From: "Len Bullard" <cbullard@------.--->
To: "'Gavin Thomas Nicol'" <gtn@----.--->, "'XML List Developers'" <xml-dev@-----.---.--->
Date: 3/2/2007 3:58:00 PM
From: Gavin Thomas Nicol [mailto:gtn@r...] 

>One side of that was that people found DTD's to be useful only at  
>certain points in the process... during the production process a  
>document is not always/seldom 'valid'. Market forces made them  
>optional ;-)

Experience did.  True.  Even prior to IADS when working with the Context
system at GE on the US Navy CASS program, I learned that we had to turn off
validation until BigBindTime which for that system was bitmap production.

1. Syntax valid (aka, well-formed):  no typing mistakes given a spell
checker.

2. Logically valid:  my code has no bugs.

3. System valid:  your code and my code have no bugs.

4. Requirements valid:  the user sees no bugs.

But we all knew that.

>I think that there were actually few, if any 'true' SGML parsers. The  
>reality was that a significant number of SGML *subset* parsers  
>existing that shared a fairly common set of features.

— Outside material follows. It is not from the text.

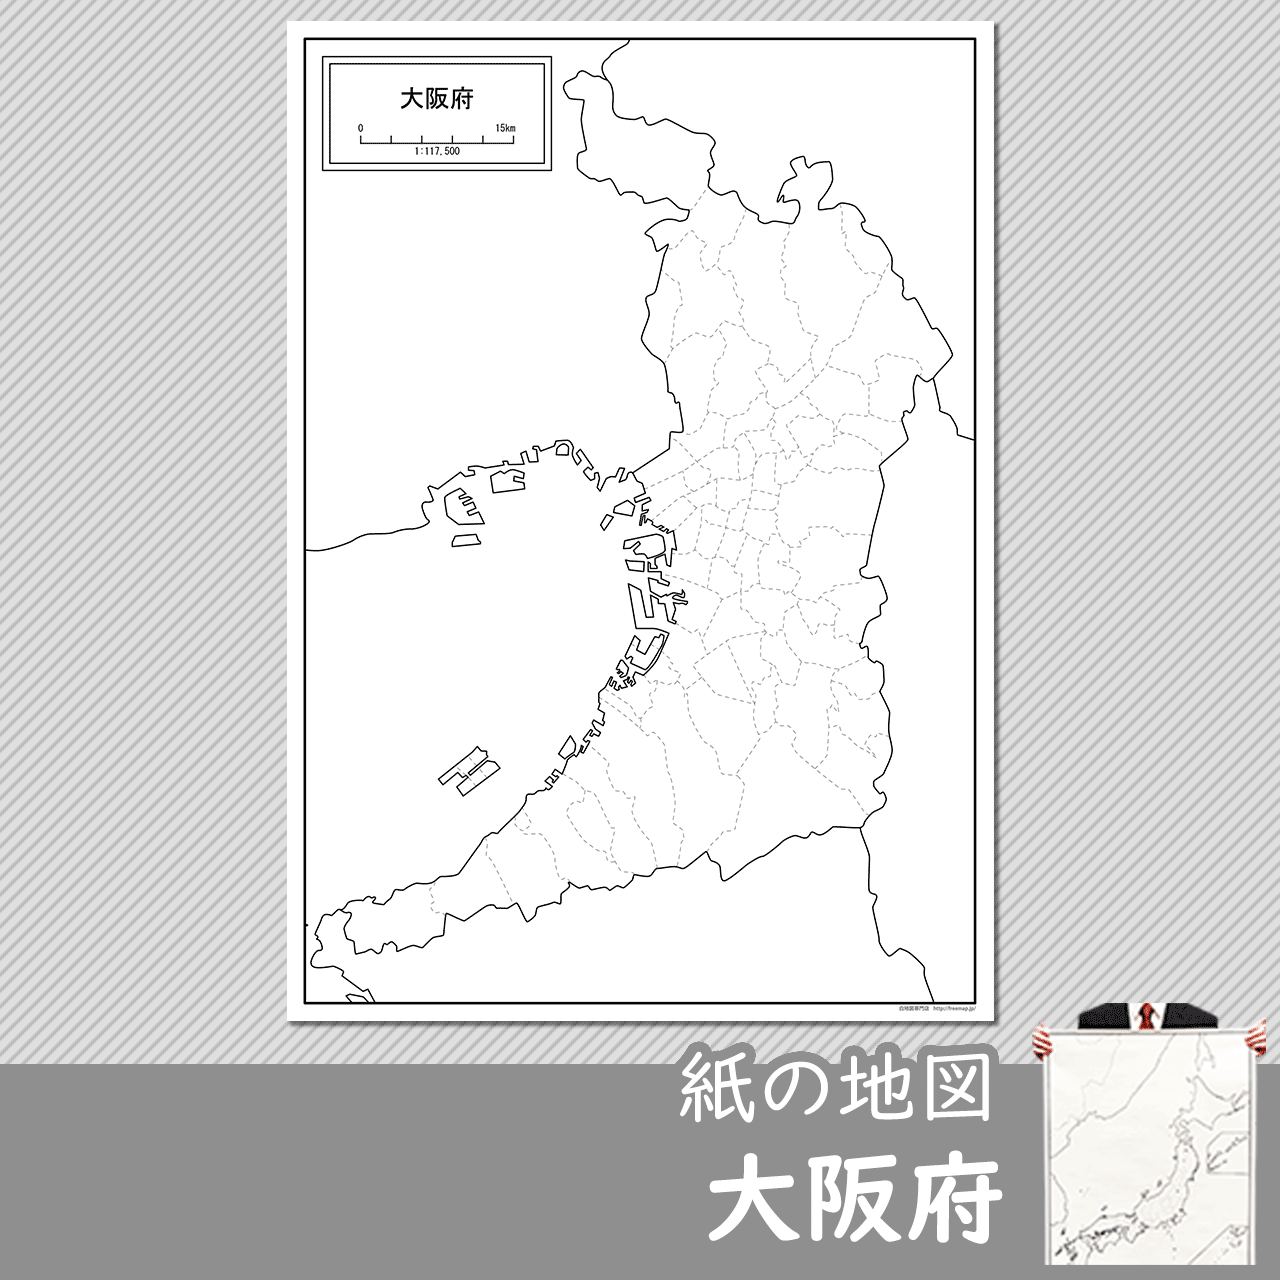 大阪府の紙の白地図のサムネイル

Mostly true.  The concepts of 'Unicorn-goodness' etc. were just coming along
when the web burst.  OTOH, the cost of parsers was mostly a burden a few
years prior to the web.  By the time HTML was being noticed, it wasn't an
issue.  It has to be remembered that when ISO 8879 was released,
incompatibilities in computer systems passing files around were much worse
than the time that the desktops made the web-as-we-think-we-remember-it
possible.  SGML was a feature-ridden mostly because to guarantee that list
above, a lot more checking of agreement was needed.

>Very true, though it is useful to see everyone's perspectives on the  
>battle for supremacy.

No disagreement on that.  But there is a lot about that speech that reminds
me of the officers who sat in the Pentagon in the 1950s planning future
aircraft and claiming that since we would never again fight a conventional
war, we'd never need guns on jets, just rockets to take down bombers.  They
kept defending that decision well into the 1960s while the guys on the
ground crews were trying to install guns in the field to take down MIGs that
had them.

Dogfighting never goes out of style.  So it is with items 1 through 4 above.
We just keep shifting the places in the process where the guns are mounted.